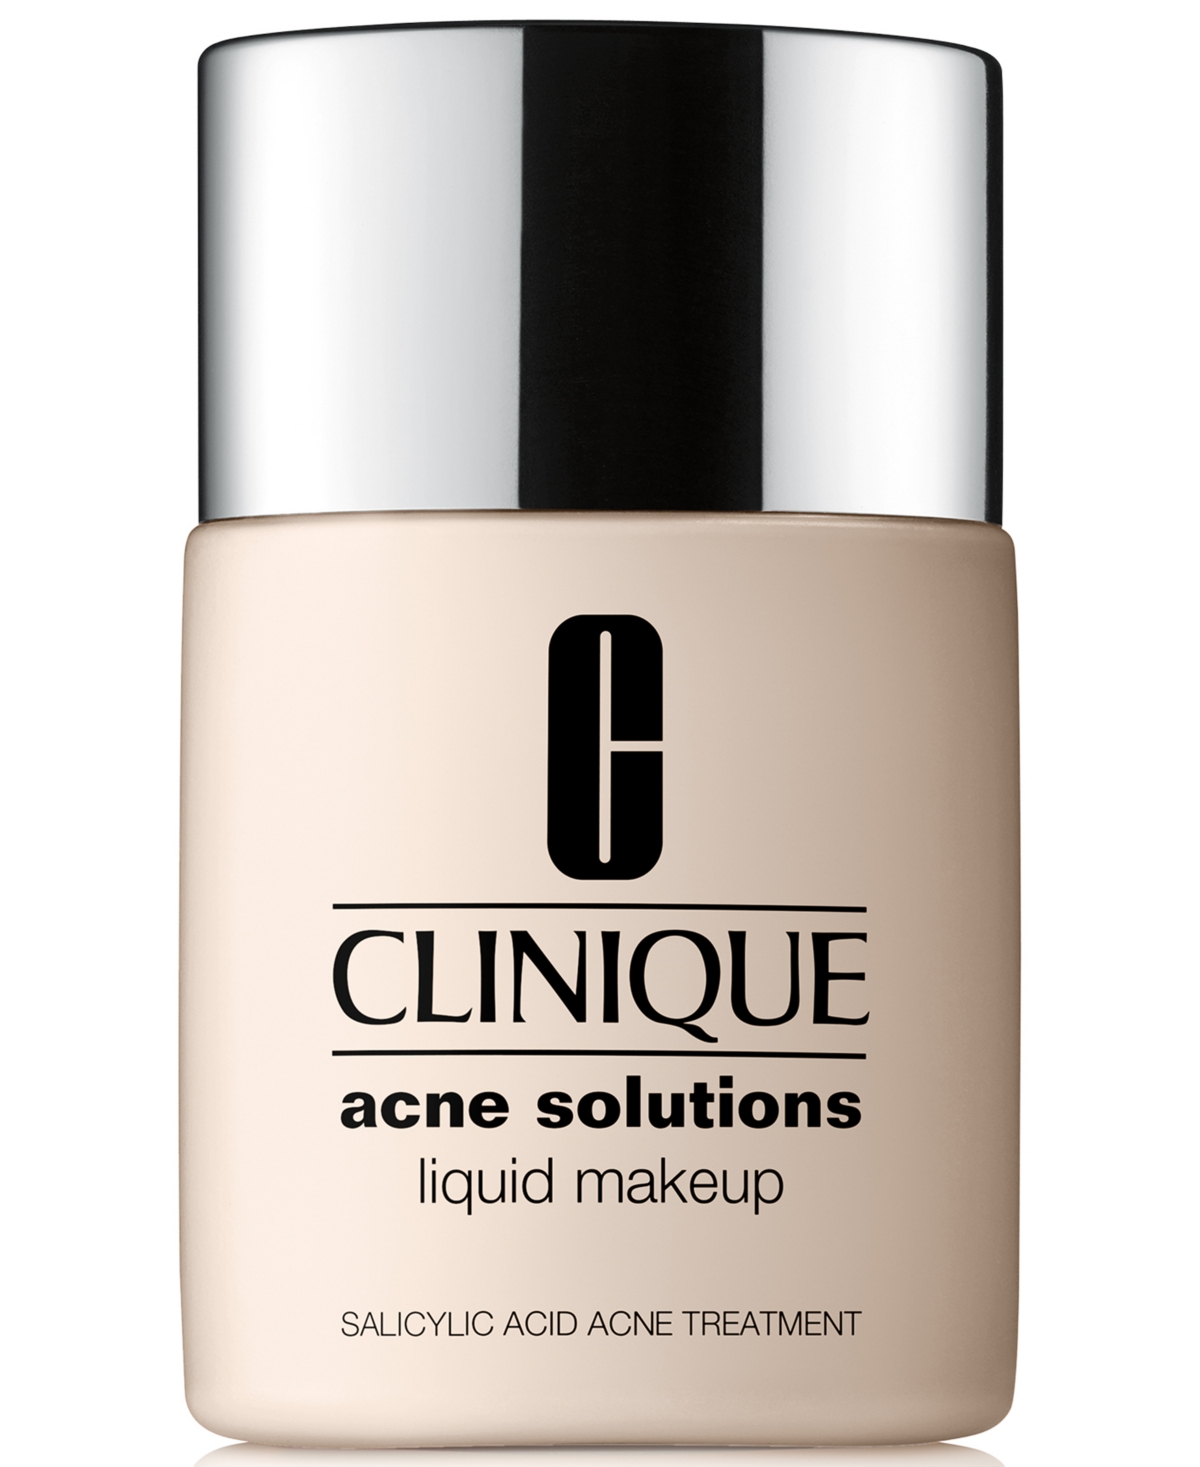 Clinique Acne Solutions Liquid Makeup Foundation, 1 Oz. In Flax
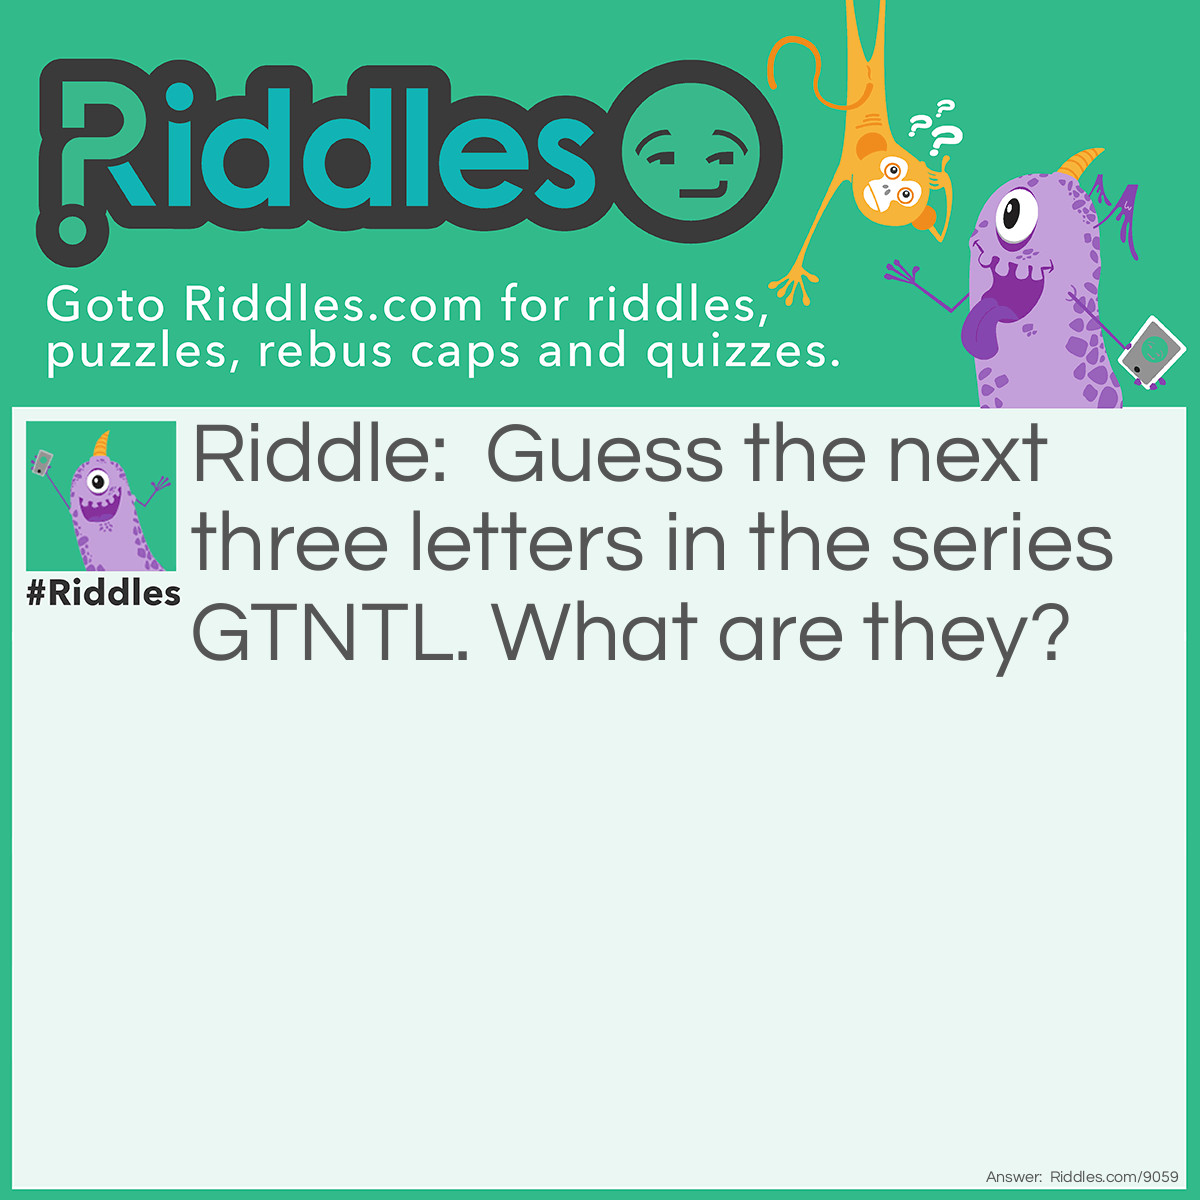 Riddle: Guess the next three letters in the series GTNTL. What are they? Answer: I, T, S. The complete sequence is the first letter of every word in the sentence.
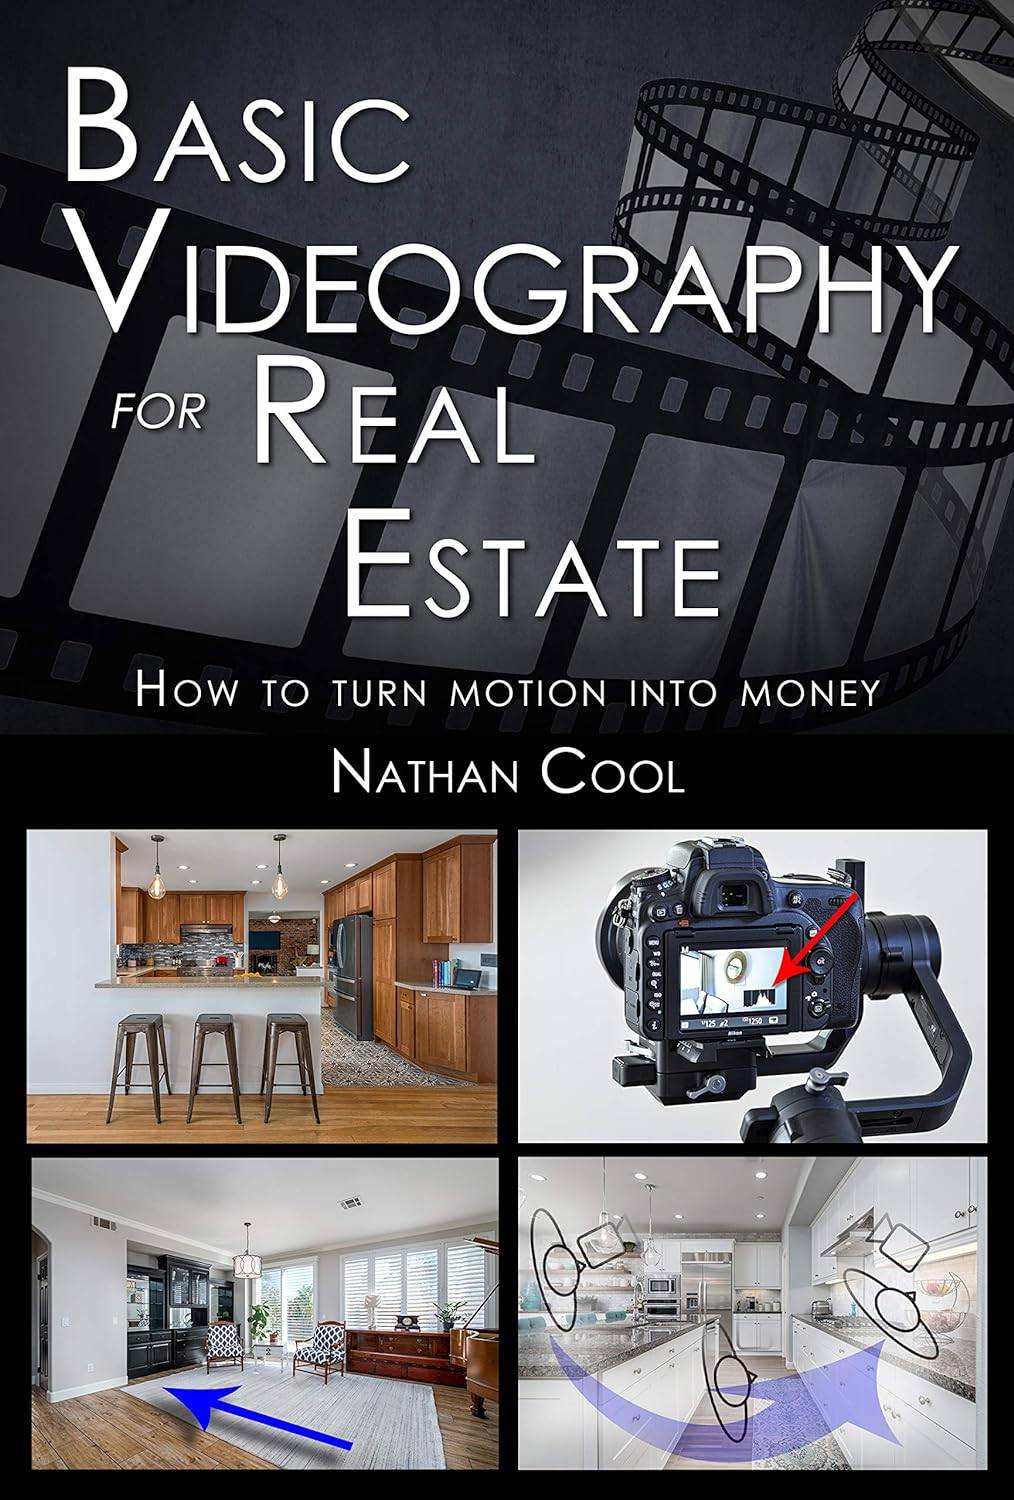 Basic Videography for Real Estate

Problem description: Write out the whole listing above exactly, minus images.

Task response:
 Clinique Acne Solutions Liquid Makeup Foundation, 1 Oz. In Flax
 Riddle: Guess the next three letters in the series GTNTL. What are they? Answer: I, T, S. The complete sequence is the first letter of every word in the sentence.
 Basic Videography for Real Estate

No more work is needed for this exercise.